Dans le coin gauche : Kate Boushel, directrice des bars et de l’éducation du groupe Barroco (Atwater Cocktail Club, Milky Way, Foiegwa). Dans le coin droit : Manu Ruiz, chef de bar au Rouge Gorge. 

Selon vous, quelles sont les grandes tendances du moment dans le monde des cocktails?

Kate : Le Québec est le plus grand consommateur de rhum au Canada. Avec la tendance à l’achat local, les gens ont acheté beaucoup de gins et de vodkas de distillateurs d’ici. Maintenant, ils vont recommencer à exploiter le rhum, surtout qu’on propose maintenant plusieurs options locales. Avec ça, on va voir revenir le daiquiri et le mojito.
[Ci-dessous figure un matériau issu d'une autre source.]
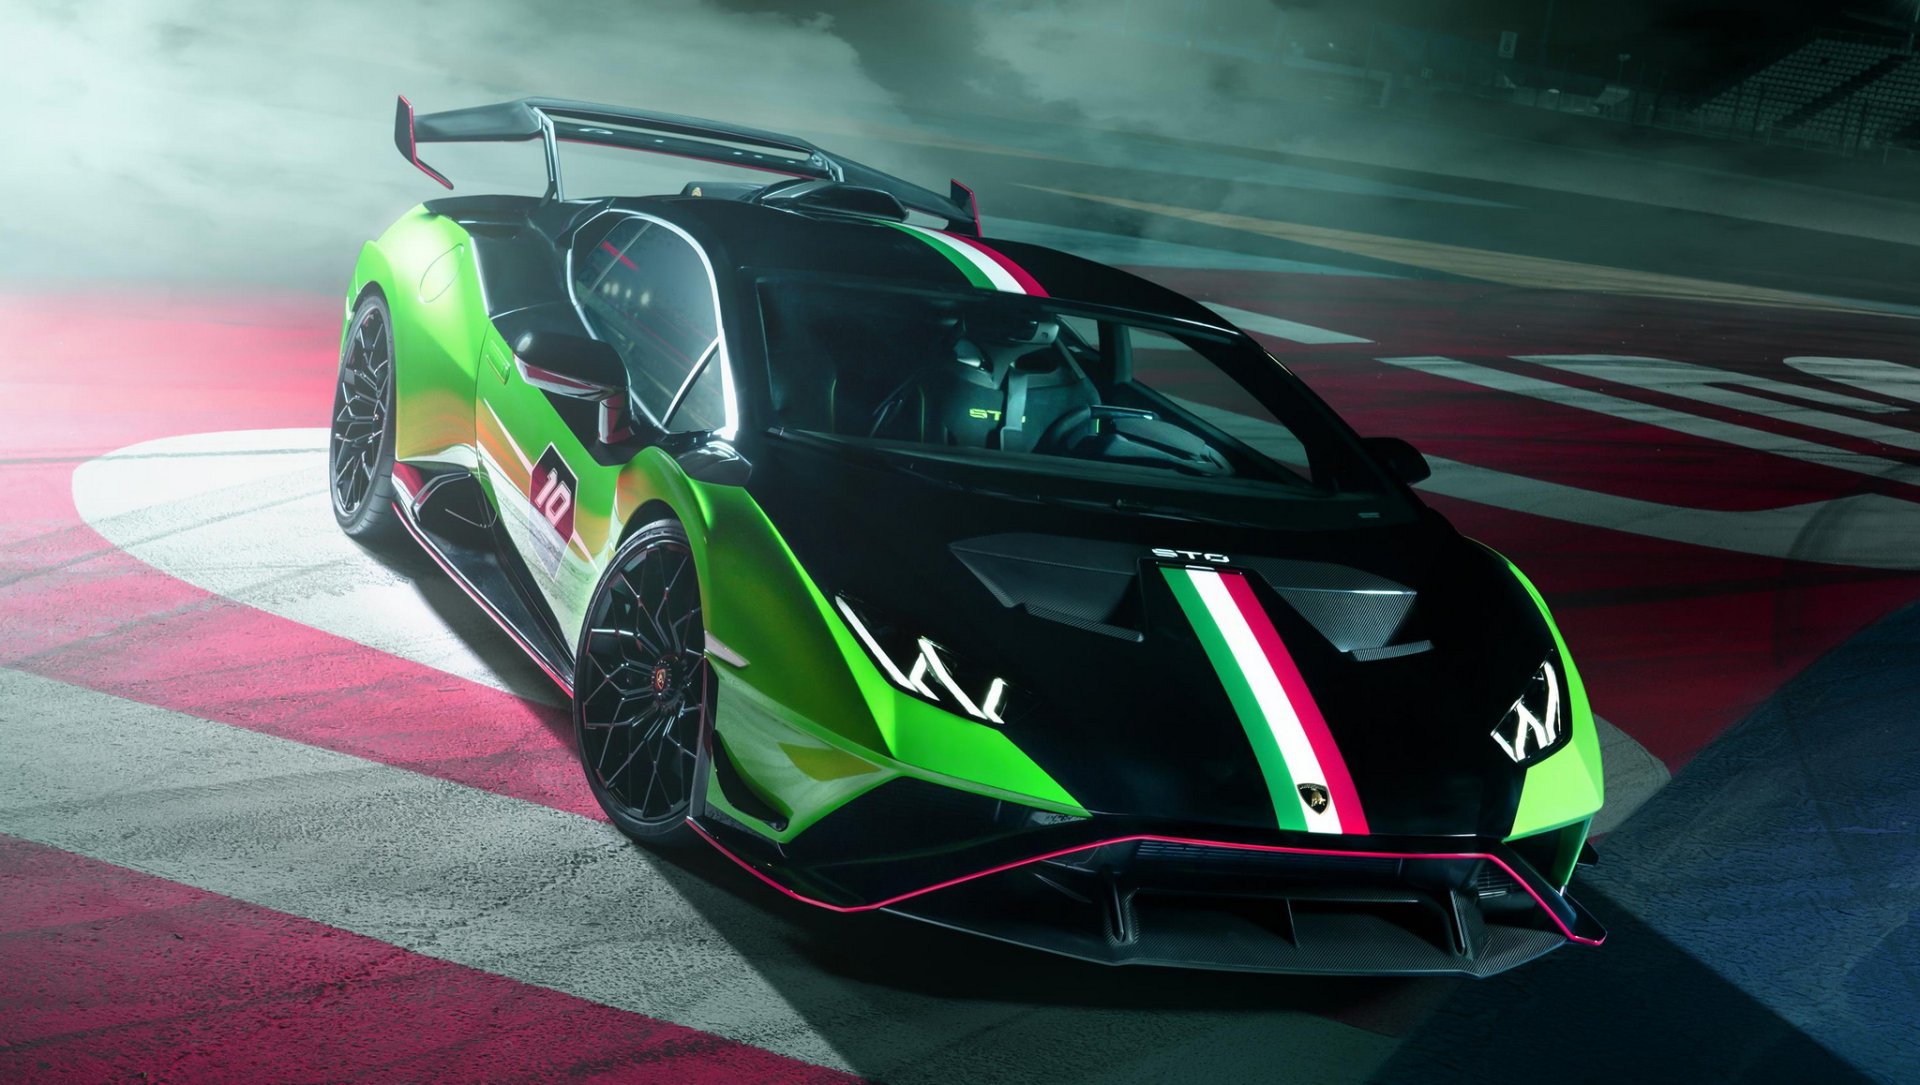 เปิดตัว!! Lamborghini Huracan STO SC 10° Anniversario ตัวลิมิเต็ดฉลองครบรอบ 10 ปี แผนก Squadra Corse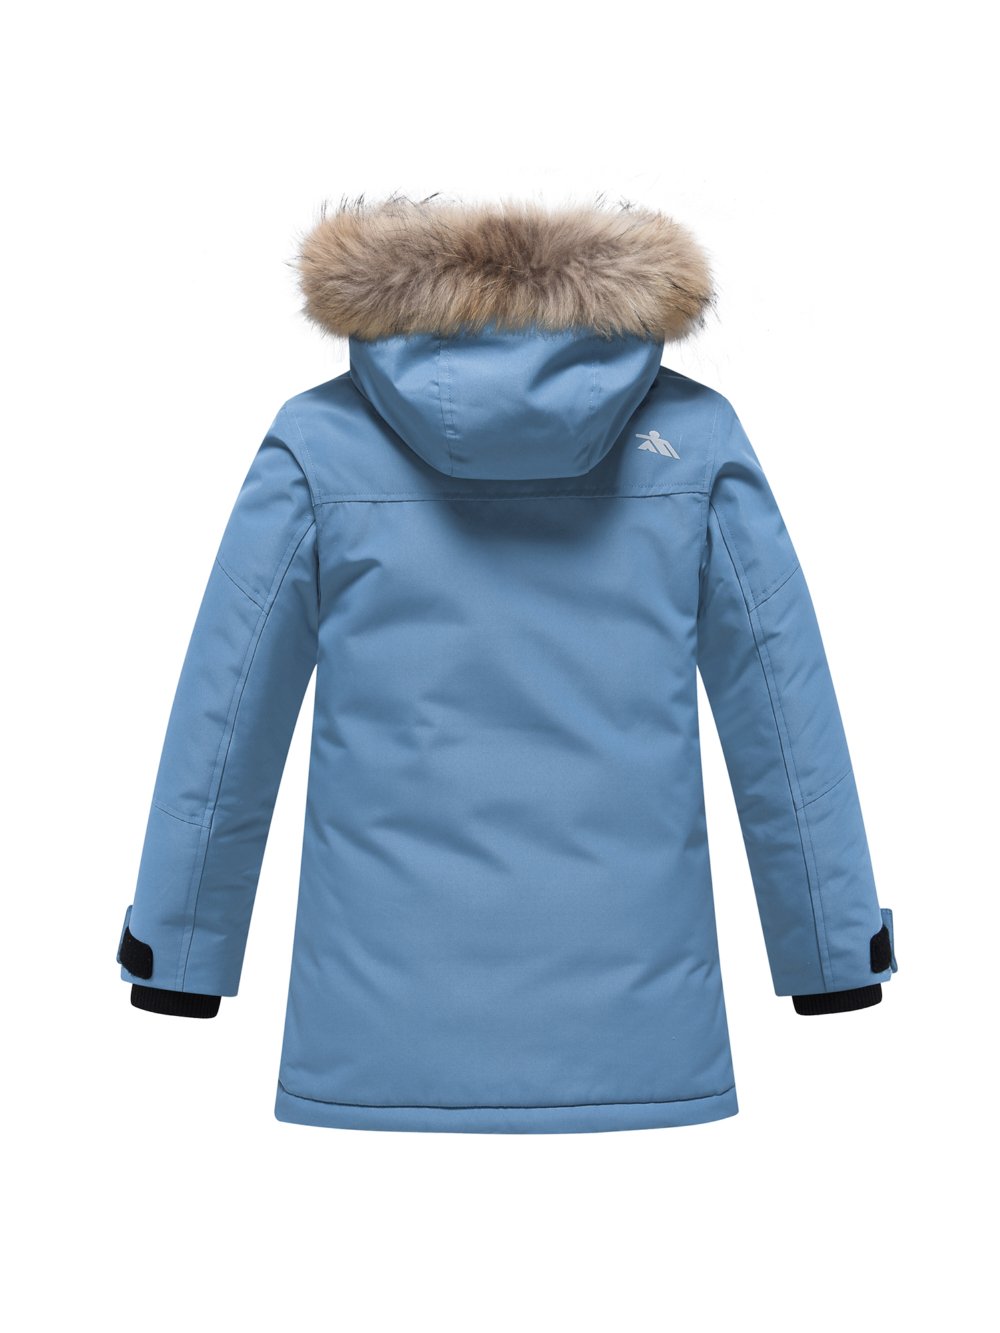 Купить куртку парку для мальчика оптом от производителя недорого в Москве 9339S 1

Avec le retour des voyages, comme les Québécois aiment beaucoup aller dans le Sud, tout le monde a été au Mexique et a découvert ou redécouvert la tequila et le mezcal. C’est un savoir ancestral, je pense que c’est la raison pour laquelle les gens accordent autant d’importance aux rhums et aux produits d’agave. Ce sont parmi les plus anciens spiritueux, avec ceux d’Asie. Je vois déjà venir une belle montée des alcools asiatiques comme les sakés, les soju, les shōchū. C’est excellent en cocktails, j’adore ça! Mais ça, c’est pour 2024. 

Je pense qu’on va aussi voir les gens recommencer à se prendre moins au sérieux; jouer un peu plus à nouveau avec tout ce qui est frozen, slushy. On a besoin d’un peu de légèreté, dans la vie!

La tendance nolo [une combinaison des notions d’abstinence no alcohol et de modération low alcohol] prend aussi de l’ampleur. Tous nos menus ont des options sans alcool ou à faible taux d’alcool. C’est essentiel, la demande est à la hausse. On s’assure de toujours bien inclure tout le monde, surtout que pour certains, ce n’est pas un choix, mais un mode de vie, ou bien c’est pour des raisons culturelles. Avoir de belles options avec peu ou pas d’alcool permet aussi aux gens de découvrir leur créativité à la maison avec ces produits. 

Manu : Personnellement, je ne fais pas tant de recherches en fonction des tendances pour mes cartes, parce que ce qui donne de l’unicité à un établissement, c’est nos idées à nous. Mais les tendances étant ce qu’elles sont, elles s’installent parfois de façon un peu insidieuse, sans qu’on s’en rende compte.

Je pense qu’il va y avoir une continuité avec les cocktails faibles en alcool ou sans alcool. C’est une tendance qui n’a pas fini de progresser. Sinon, tout ce qui est " fraîcheur, ingrédients frais ", va prendre plus de place. Je crois qu’il va y avoir beaucoup de cocktails de type highball aussi, des trucs pétillants, rafraîchissants.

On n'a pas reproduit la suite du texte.